We had different baby-sitters, a couple who I remember with great fondness. My mother was an excellent seamstress and worked her way into the position of floor supervisor for a large manufacturer of ladies wear. She left at six in the morning and arrived at home at seven at night. During the time my father was away my mother became very independent. She was happy and liked to have fun with her friends. This all changed when my dad came home. There were constantly fighting. He didn’t want her to work or be with her friends. My mother did not have a racist bone in her body. She had friends of other races and one of her best friends was Japanese. This enraged my father and caused friction between them.
Her other best friend became my beloved Auntie Pat. They remained friends for life. In the 1950s women were not allowed to drink in public. It was a time of the illegal ‘booze can.’ Pat became a late night bootlegger. My dad and Pat’s husband worked nights so my mother helped with the selling of booze and I watched Pat’s children in the back of the house behind a locked door. Customers could go to her house and drink the night away. There was even music for dancing. Canadian speak-easies in the 50’s made for a type of social interaction between men and women. My mother loved to party but always managed to get up and go to work the next day.
The booze-can wasn’t opened every night. We would go to the movies every Wednesday to collect pieces of dinnerware until we had enough for a complete set of new dishes. Mother liked vaudeville and we were often taken to see the live entertainment on stage.
I don’t know when she decided to leave, but leave she did. My father was becoming more and more abusive. She was afraid for her physical well-being and sanity. She decided to run away to Vancouver where her parents lived. She left us behind because my father was now a powerful policeman with influence and could easily have us taken away from her. I was fourteen and my brother thirteen.
We were not allowed any communication with my mother. Auntie Pat told us my mother would send us letters via general delivery at the main post office in downtown Winnipeg. We were never to let my Dad know this. I had no other contact but for the few letters she sent.
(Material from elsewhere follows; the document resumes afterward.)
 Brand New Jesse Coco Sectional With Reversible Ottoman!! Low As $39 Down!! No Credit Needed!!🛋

I did not see my mothers for five years.
I was nineteen years old when I was able to get enough money to leave Winnipeg and reunite with her. It was lonely without her for those five years. She was not there when I started my period, had my first crush, first boyfriend and first broken heart. The seat beside my dad was empty at my high-school graduation. I missed her terribly! Like her I boarded the Greyhound bus and left Winnipeg for Vancouver never to look back.
She had been working at a factory where she met and married a wonderful man and was very happy. When I knocked on her door, it was like the uniting of two souls. We had much to catch up and although there were some bumps in our relationship, over time they became smooth and we grew closer. The wounded bond between us completely healed.
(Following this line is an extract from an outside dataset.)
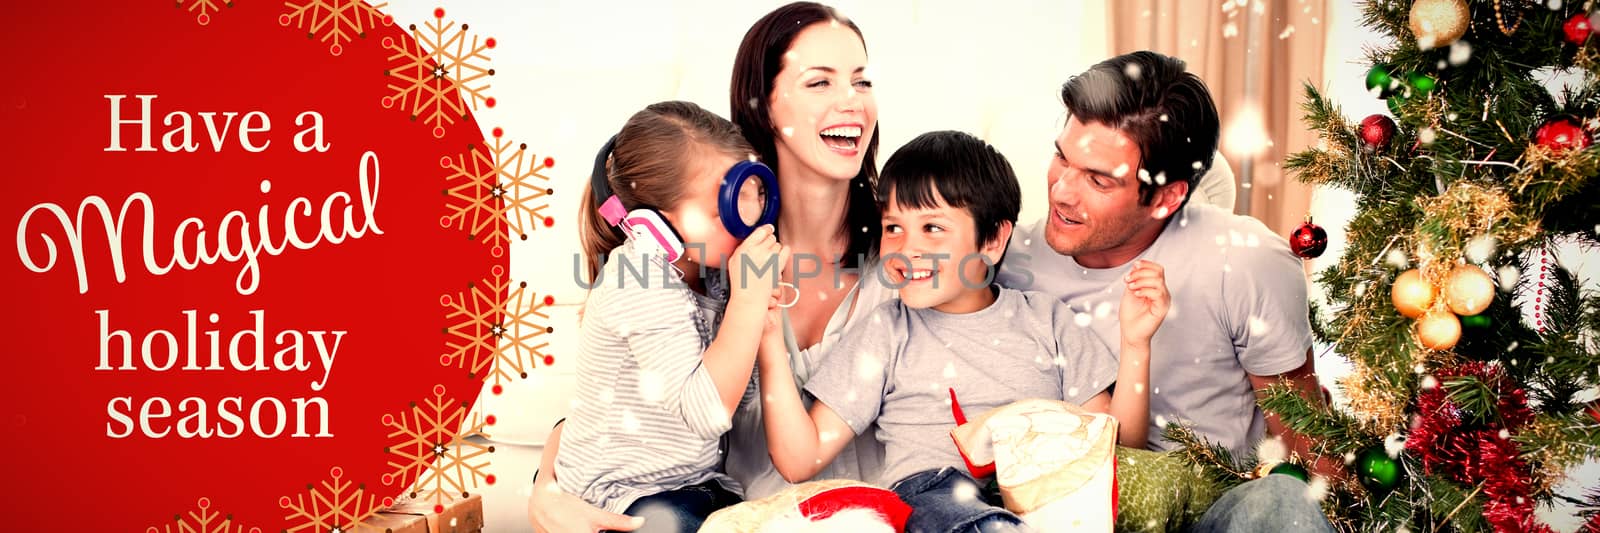 Happy family playing with Christmas gifts against white and red greetings card

‘Mom and Al,’ her new husband, retired to Mayne Island where they enjoyed sailing together around the islands. Her last years were spent tending a wonderful garden and green house. For me the memories of grand holidays on the island with my mother will last forever.
In 1997, mother phoned to tell me she had cancer and had a short time to live. She said, “I don’t want you to worry.” Shaken and frightened I packed and moved into my island house bedroom where I was to stay for four months. I was fortunate to have been able to take care of her. She died peacefully with her friends around her, looking at her favourite white lilac blooming just outside the window.